The significance of the proposed work is to develop and validate a prototype HTS-compatible HepaRG-based BioChip by directed nanopattern-guided differentiation. HepaRGs undergo a complete differentiation program, which we will exploit to assess effects of nanopattern-guided differentiation/ cellular reorganization. Thus our research will grant access to general mechanistics of external cues for the improved culture of other hepatic cell types.

We will determine the interplay between nanoengineered substrates and hepatic phenotypic function by assessing:
*Nanotopographical control of HepaRG differentiation on fabricated nanopatterned polymer slides
*Define optimal configuration most predictive of in vivo-like metabolism
*Perform rigorous hepatotoxicity testing interrogated with automated HTS-compatible CellProfiler
*Using the above criteria, integrate the system for HTS using a novel ubiquitous 'BioChip' HTS platform for hepatotoxicity testing

The global market for drug discovery technologies and products is expected to expand from $41.0 billion in 2012 to $79.0 billion in 2017. Indeed, the drug discovery industry is highly dependent on cell-based assays and high-throughput screening (HTS) tools and the latter sector is expected to expand from $11.5 billion in 2012 to $20.0 billion in 2017.

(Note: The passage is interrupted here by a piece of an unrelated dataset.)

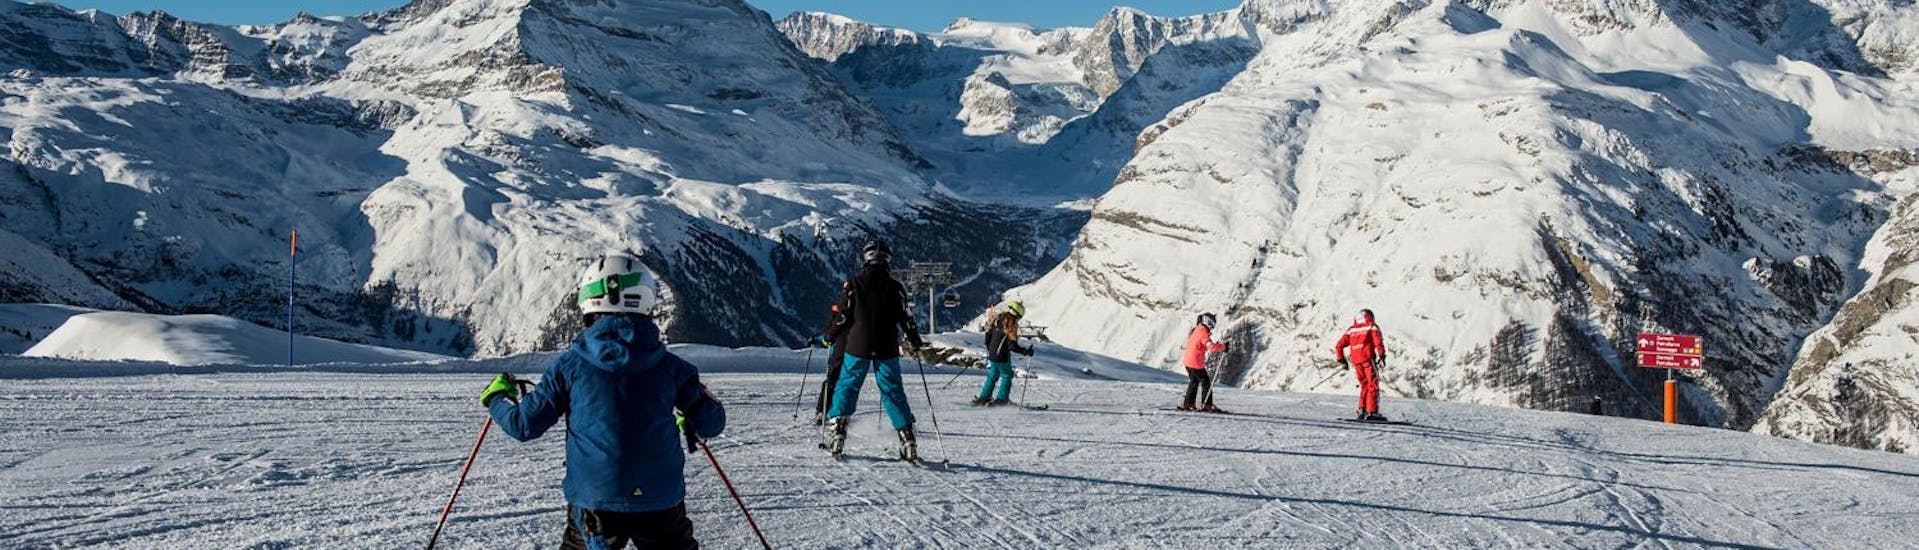 Les participants de Cours de Ski pour Enfants (6-14 ans) - Experimenté avec l'ecole de ski Zermatters suivent leurs moniteurs de ski sur les pistes de Matterhorn Ski Paradise.

There are some commercially available liver models include from RegeneMed, Hepregen and LiverChip. These systems utilize either heterologous hepatic co-cultures using rodent, primate or primary human hepatocytes combining complex multi-step microfabrication manufacturing processes leading to significantly increase per unit costs.

Besides having direct academic impact, our proposed nanofabrication based high-throughput system will have significant industrial impact. The driving technology underpinning the project is extremely accurate and will provide no batch-to-batch variation between samples. Moreover, it will be based on well established multi-well formats already widely used in industry and pharma. Gadegaard has a number of industrial contacts in the area of plastic cell culture ware made by injection moulding and is experience discussing with industry on translation aspects of the research outputs.

The research to be carried out and the outcomes will also have an interest to the public. With an increasingly ageing population we are increasingly relying on the health services provided leading to increased costs. Thus technologies capable of reducing such costs and providing for a faster route from discovery to market for pharma companies will also be of the public's interest. This importance will be communicated to the public using well-established routes of public engagement available at but University of Glasgow and Edinburgh.